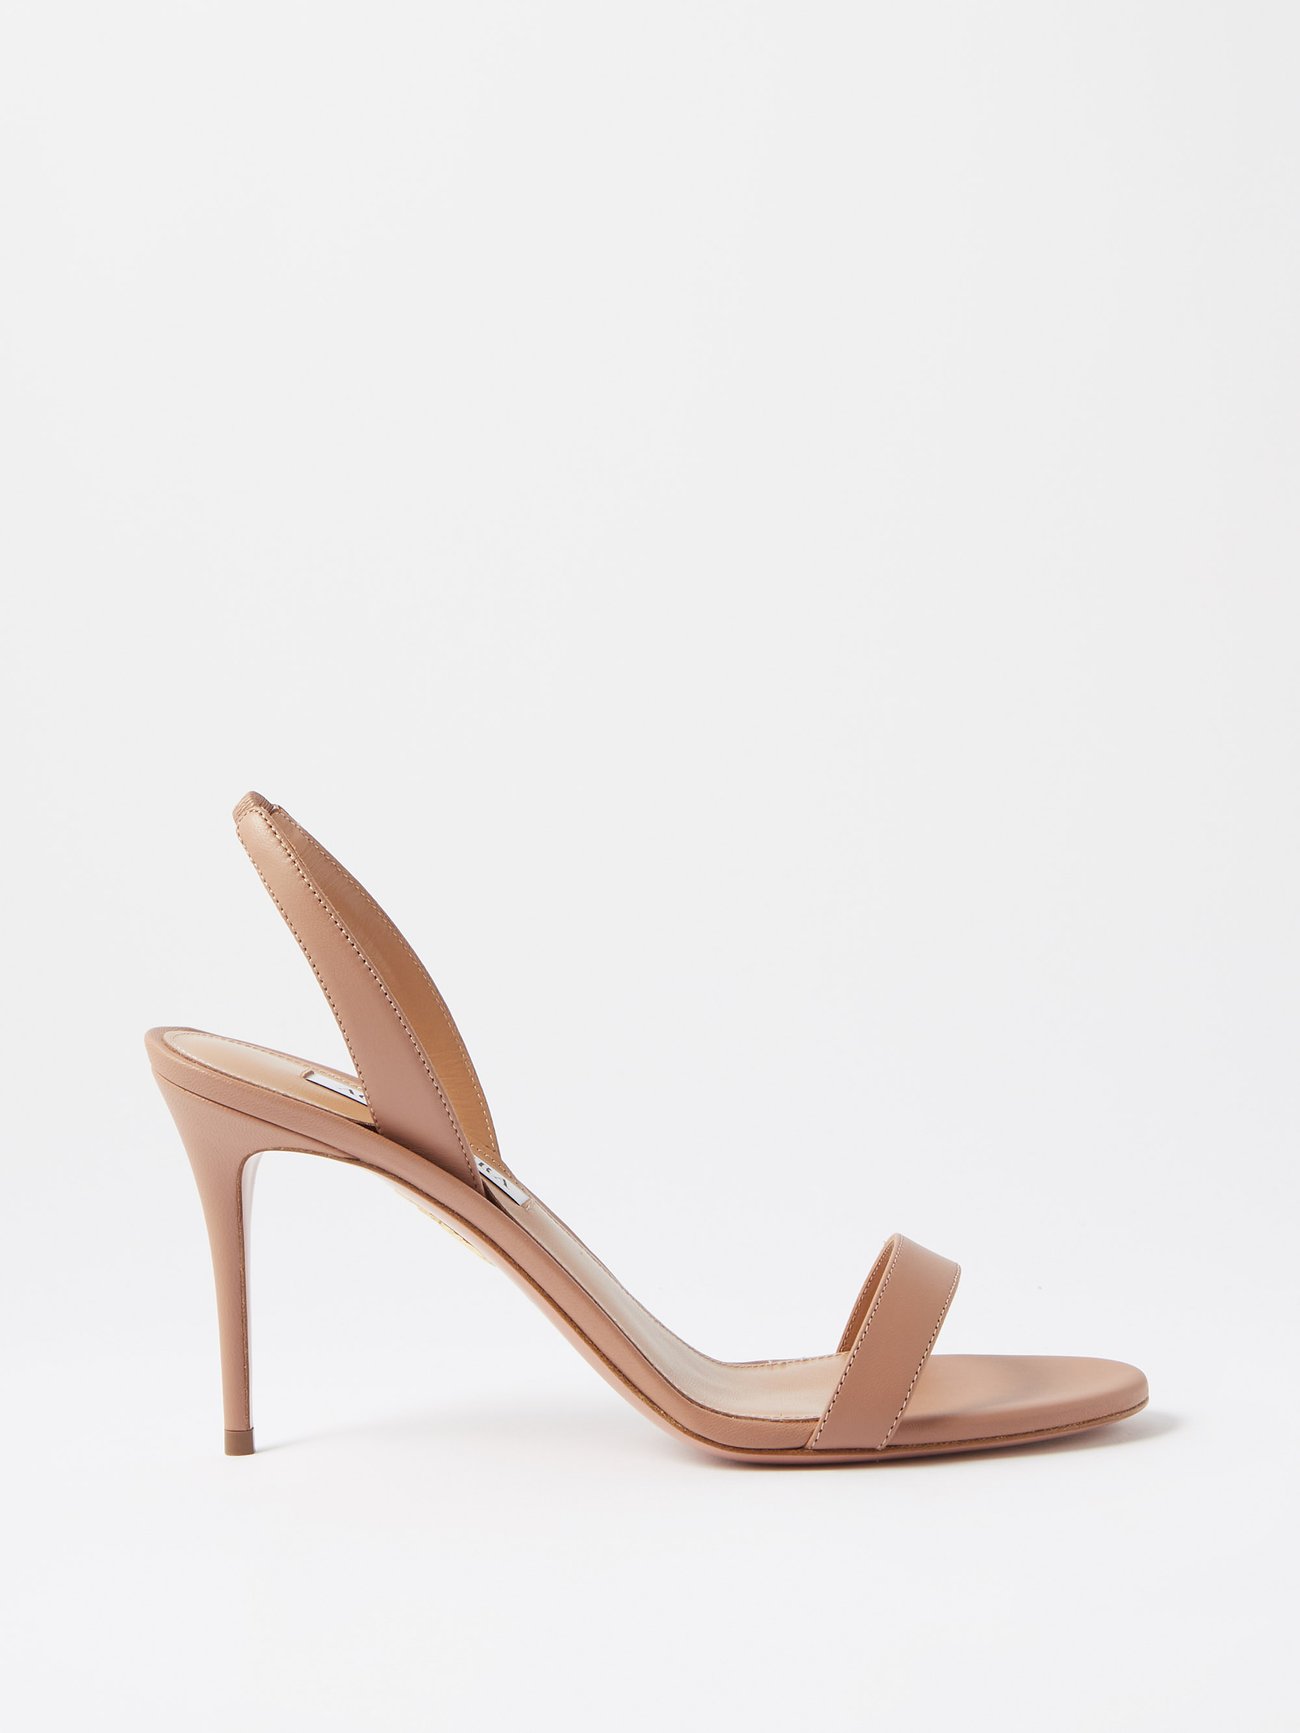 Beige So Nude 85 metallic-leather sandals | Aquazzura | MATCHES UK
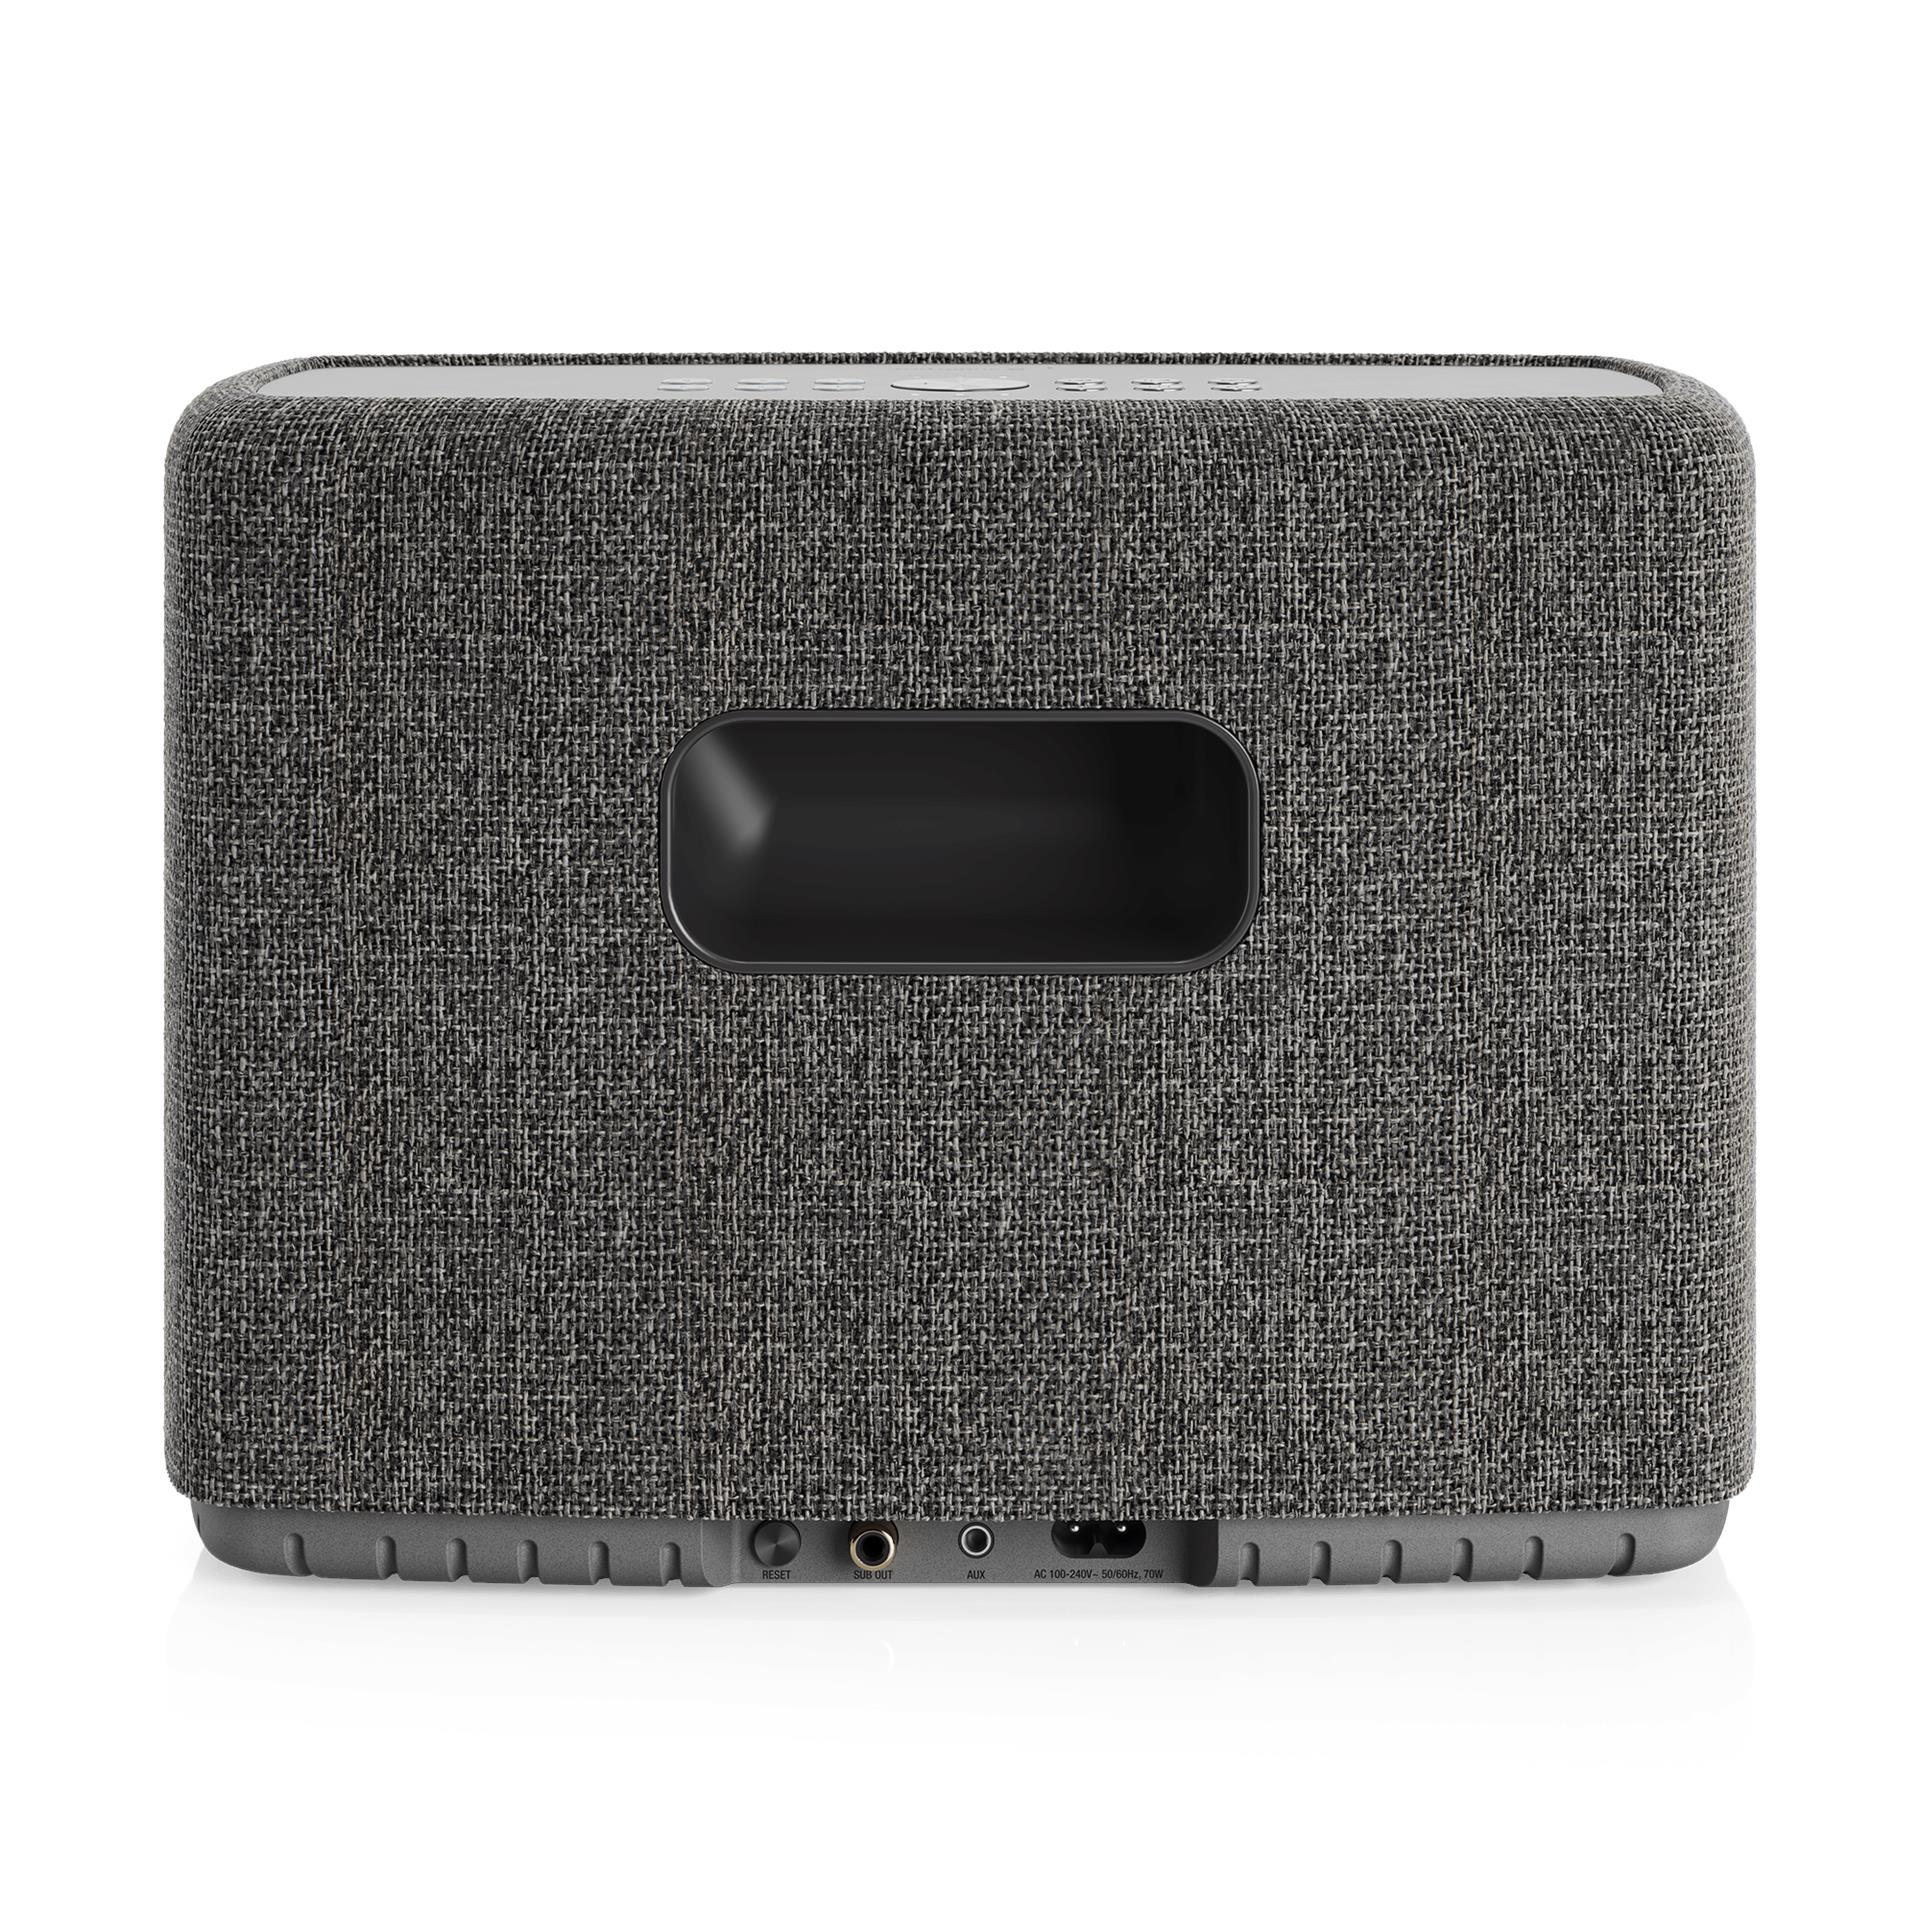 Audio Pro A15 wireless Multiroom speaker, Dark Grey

_____

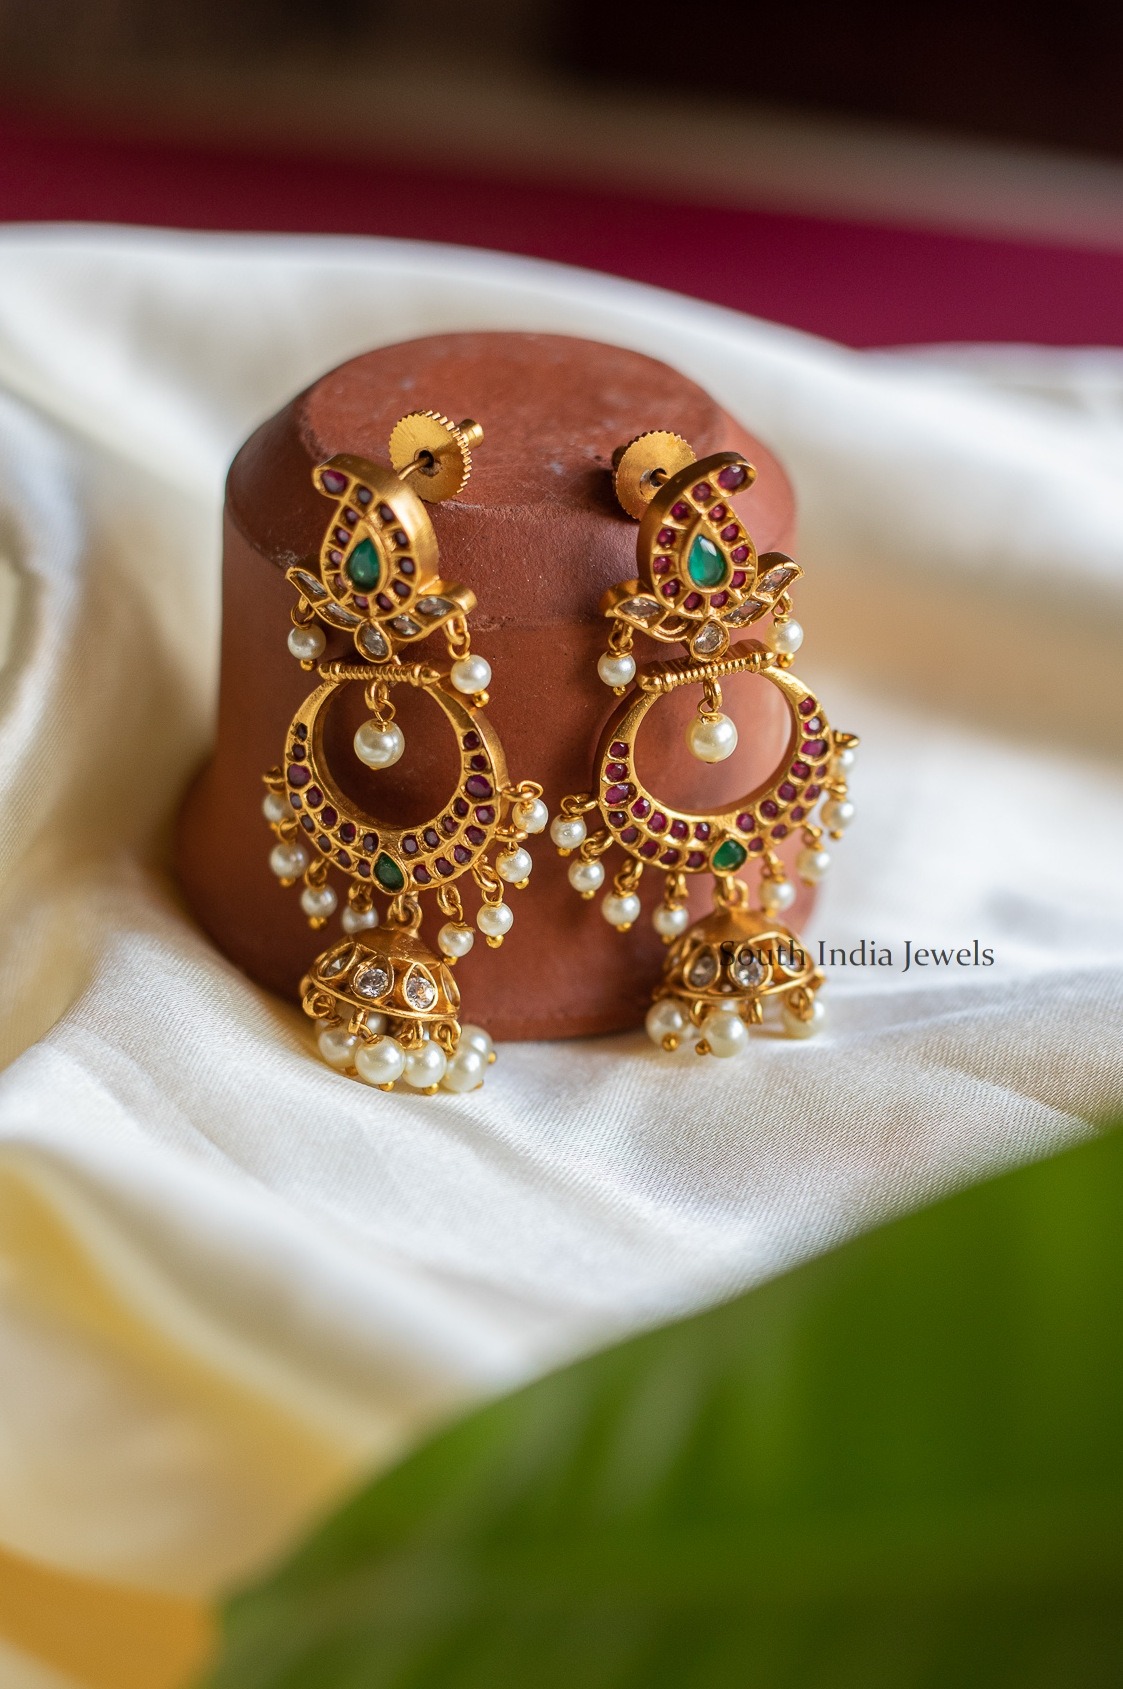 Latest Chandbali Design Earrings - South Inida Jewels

_____

* _Activity_
Take the material above from the line containing "Beige So Nude" up to and including the line containing "Audio Pro A15" and retype it exactly, without any pictures.

* _Exercise answer_
 Beige So Nude 85 metallic-leather sandals | Aquazzura | MATCHES UK
 Audio Pro A15 wireless Multiroom speaker, Dark Grey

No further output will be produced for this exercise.